■ Work to complete ■
The reply should hold only the lines below beginning at the one with "nylon manila big bold brave awards" and ending at the one with "Half Shirts Cream", copied exactly, with every picture left out.

■ Data to process ■
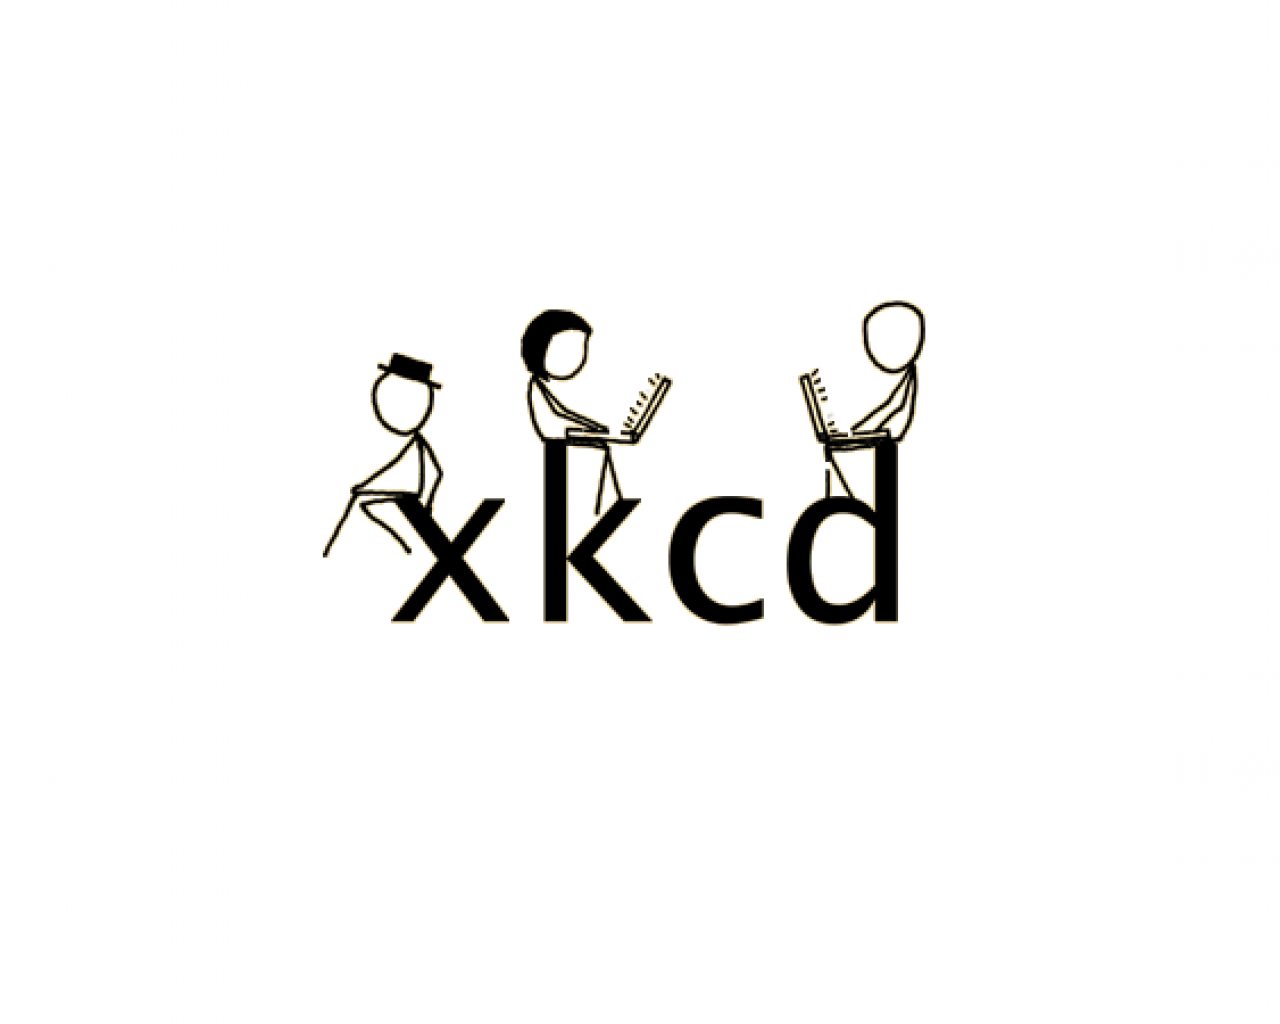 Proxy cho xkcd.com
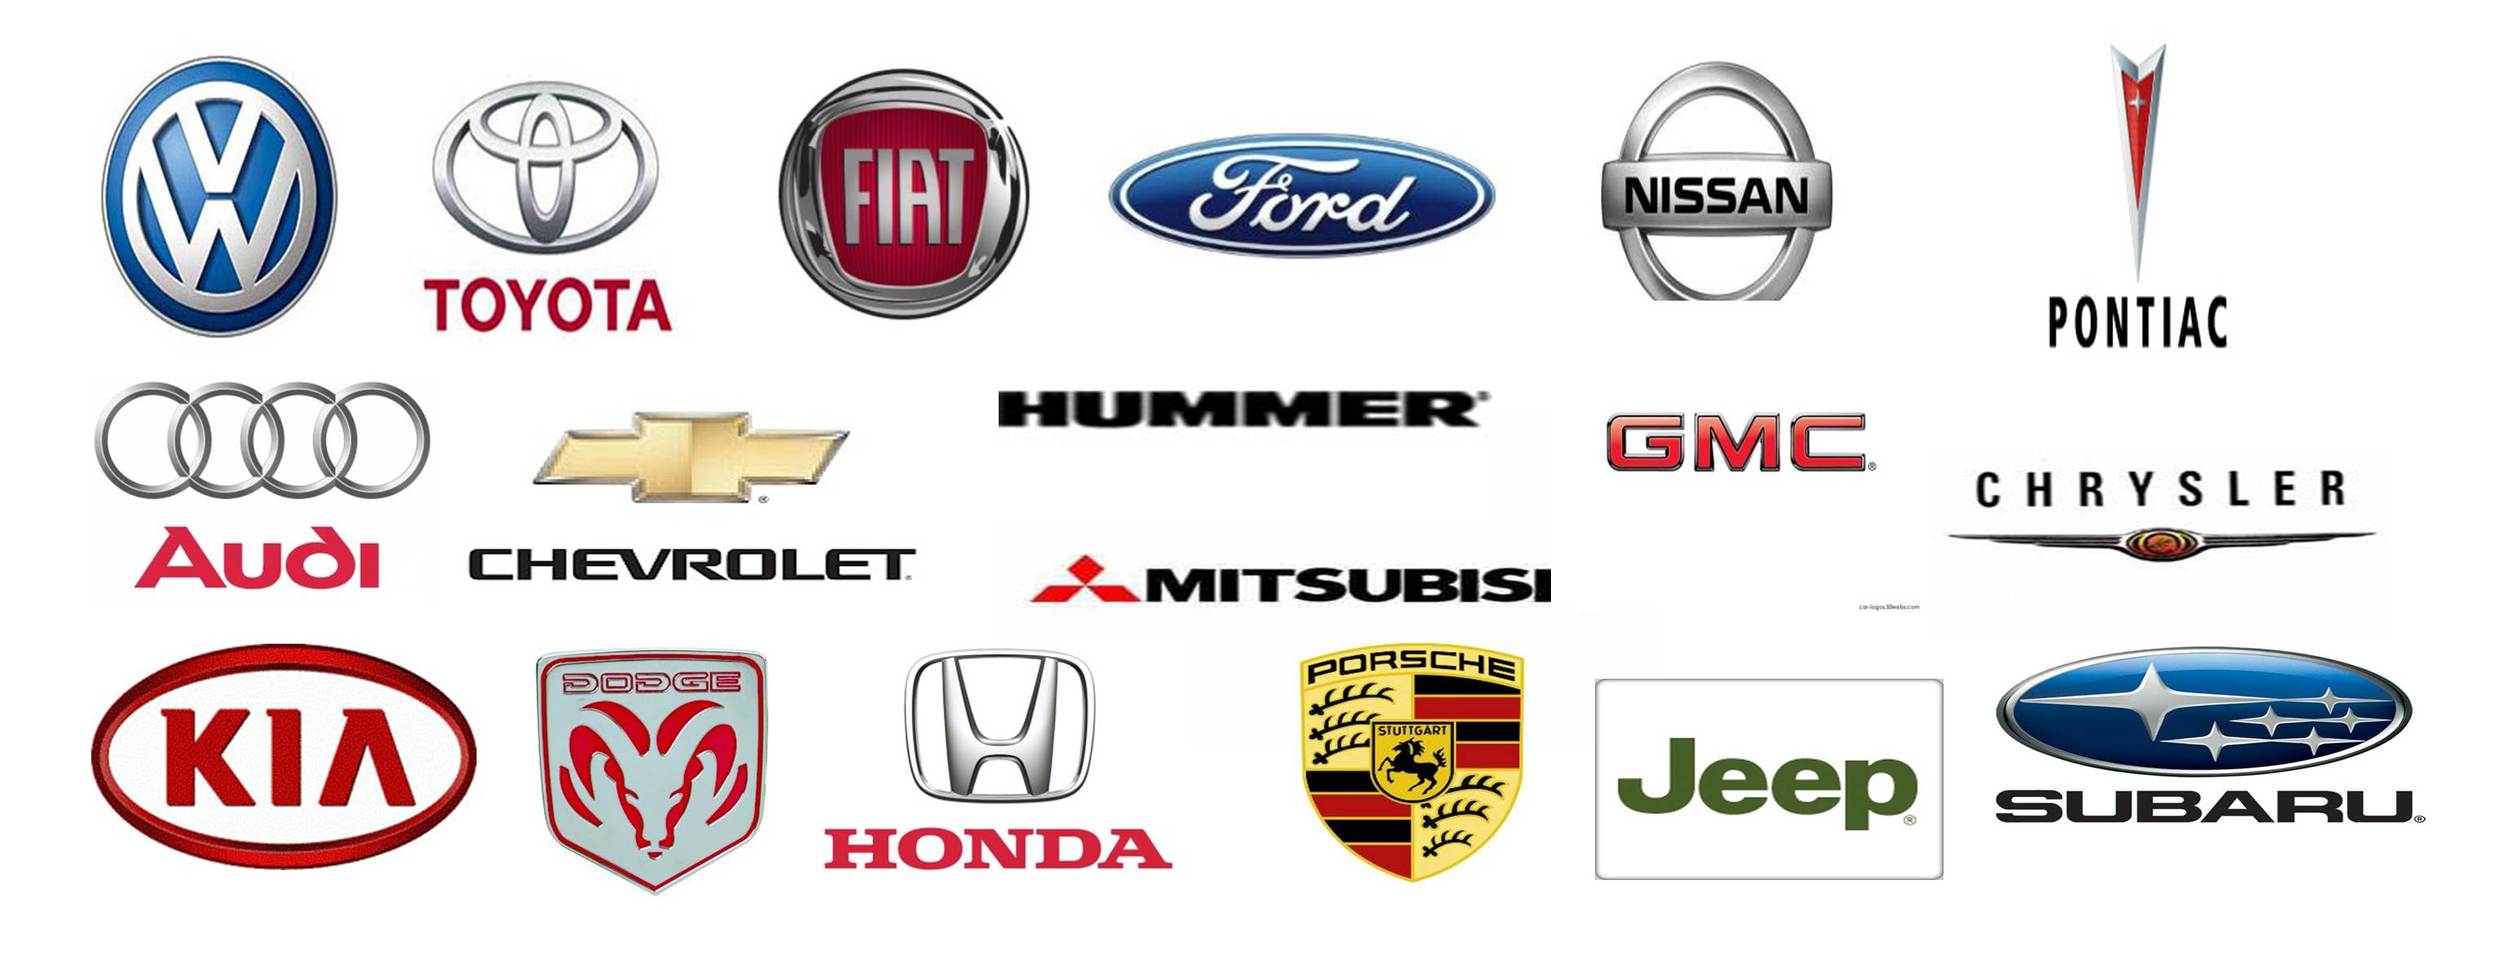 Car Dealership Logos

--

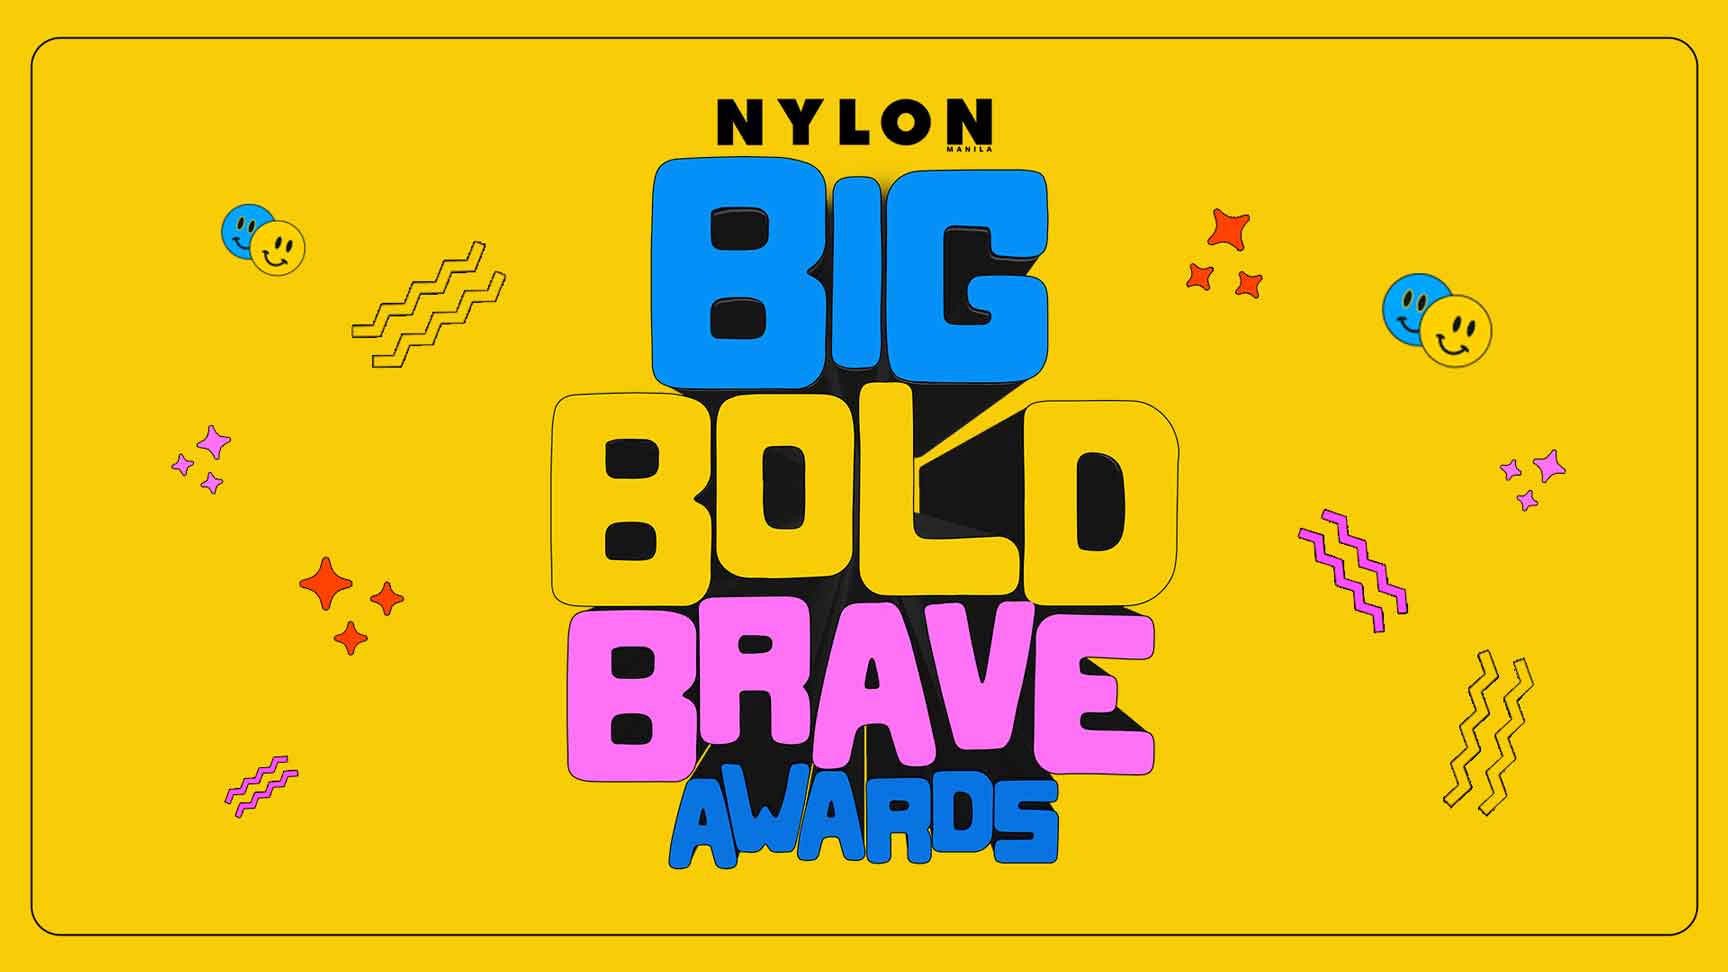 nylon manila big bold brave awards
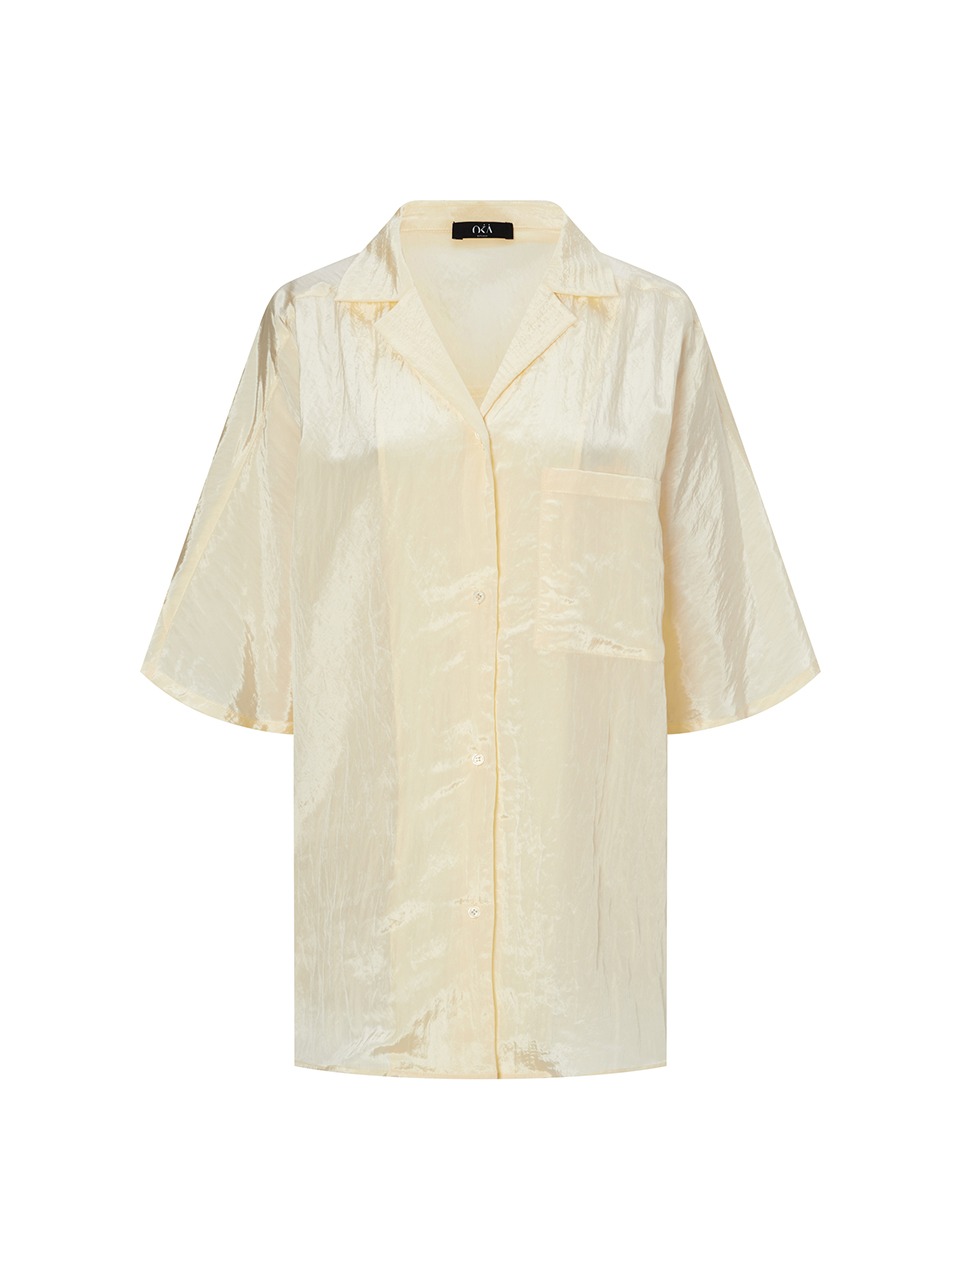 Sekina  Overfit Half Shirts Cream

■ Answer to this exercise ■
 nylon manila big bold brave awards
 Sekina  Overfit Half Shirts Cream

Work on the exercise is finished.